Süleyman ticaretle uğraşıyor ama sanat tarihi ve arkeoloji konularına olan merakı, onun kendisini bu alanda yetiştirmesine neden olmuş. Ansiklopedi gibi adam desek, abartmış olmayız 🙂 Bunun dışında gerçekten çok iyi bir organizatör. Kapadokya gezimizde, bize bilgi verecek donanımdaki özel kişileri ve koli koli şarapları da düşünmeyi ihmal etmemiş. Sevgili Nilüfer Peker, Kapadokya’da bir zamanlar hüküm sürmüş Bizans’ın, kiliselerde bıraktığı izlerin nasıl okunacağını anlatmak üzere bizimleydi. Nilüfer Peker, Hacettepe Üniversitesi’nde, bu alanda doktora yapmış bir isim. Diğer bir isim ise Saba Açıkgöz. Sevgili Saba Açıkgöz de gıda mühendisliğini bitirdikten sonra kendisini şaraba adamış ve bu alanda uzmanlaşmış bir isim. http://www.anatolian-vineyards.com/saba_acikgoz.html
Süleyman bunlarla da yetinmemiş, tüm ailesini seferber etmiş olmalı ki, yol boyunca annesinin yaptığı Antakya’nın güzel tatları damağımızdan 🙂 eksik olmadı. Yalnız benim için bundan daha önemli bir özelliği, sahip olduklarına rağmen (bu her anlamda) hayatın karşısındaki mütevazi duruşu. Bilgisi olup da burnuna Kafdağı’nda ev tutmuş çok insan gördüm. Süleyman ise bu bilgiyi ayırım yapmaksızın paylaşarak mutlu olanlardan.
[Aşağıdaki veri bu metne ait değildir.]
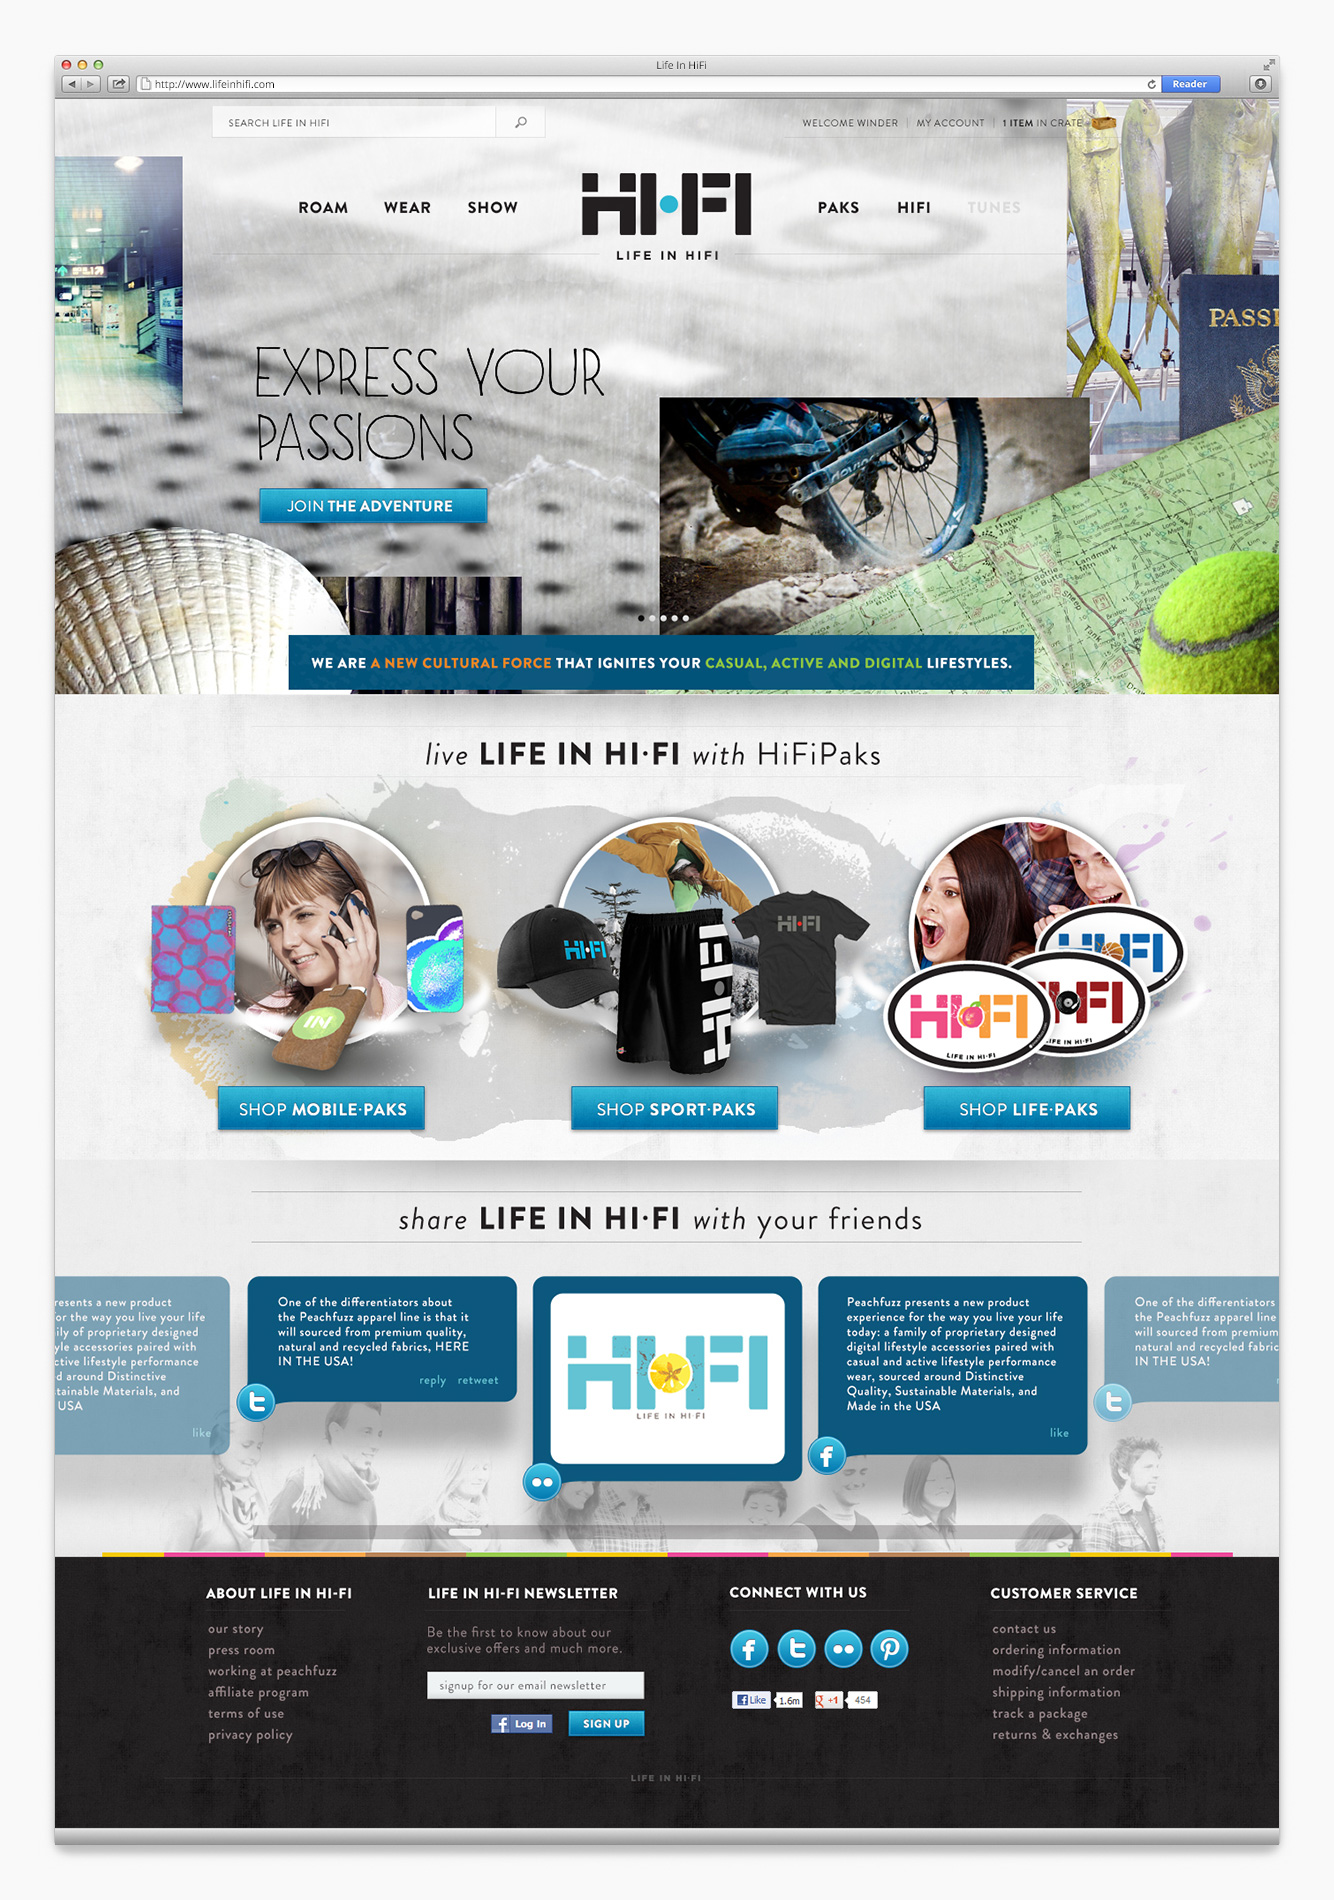 interactive_lifeinhifi_image24

Karar verdim; madem denize dalamıyorum, ben de şaraba dalarım o zaman 🙂 İlk defa gezisine katılacağım bir grup, kimseyi tanımıyorum… Olsun. Yalnız değilim ki Yutmoğraf’ım var 🙂 Tarih de pek ilgi alanıma girmez… Olsun. Kapadokya’nın coğrafi yapısı beni çok heyecanlandırıyor. Tüfden oluşan vadilere saatlece bakabilirim. Özellikle gün batımlarında muhteşem oluyorlar. Sanki tanrılardan birinin yaramaz çocuğu, mutfaktan bir krema torbası aşırmış ve vadilere gelişi güzel krema sıkmış gibi 🙂
Sonra peri bacaları… O amorf kütleler ve o kütlelerin içindeki deliklere dolan güneş ışıklarının mekan içindeki estetik ve gizemli duruşu… Kapadokya’nın doğası, müzik ve şarap… Daha ne olsun. Hemen mp3 çalarıma müzikler seçmeye başladım.
21 Nisan sabahı 6.30’da Armada’nın arkasındaki buluşma noktasına gittiğimde hissettiğim duygu, bundan seneler evvel Oğuzhan’la birlikte, Boğaçhan’ın dalış grubuna katıldığımız günkünün aynısıydı. Herkes birbiriyle merhabalaşıp sarmaşdolaş olurken biz kimseyi tanımadığımız için öylece kalakalmıştık. Boğaçhan’ın o günkü sıcak yaklaşımını hiç unutamam… O kadar iyi gelmişti ki…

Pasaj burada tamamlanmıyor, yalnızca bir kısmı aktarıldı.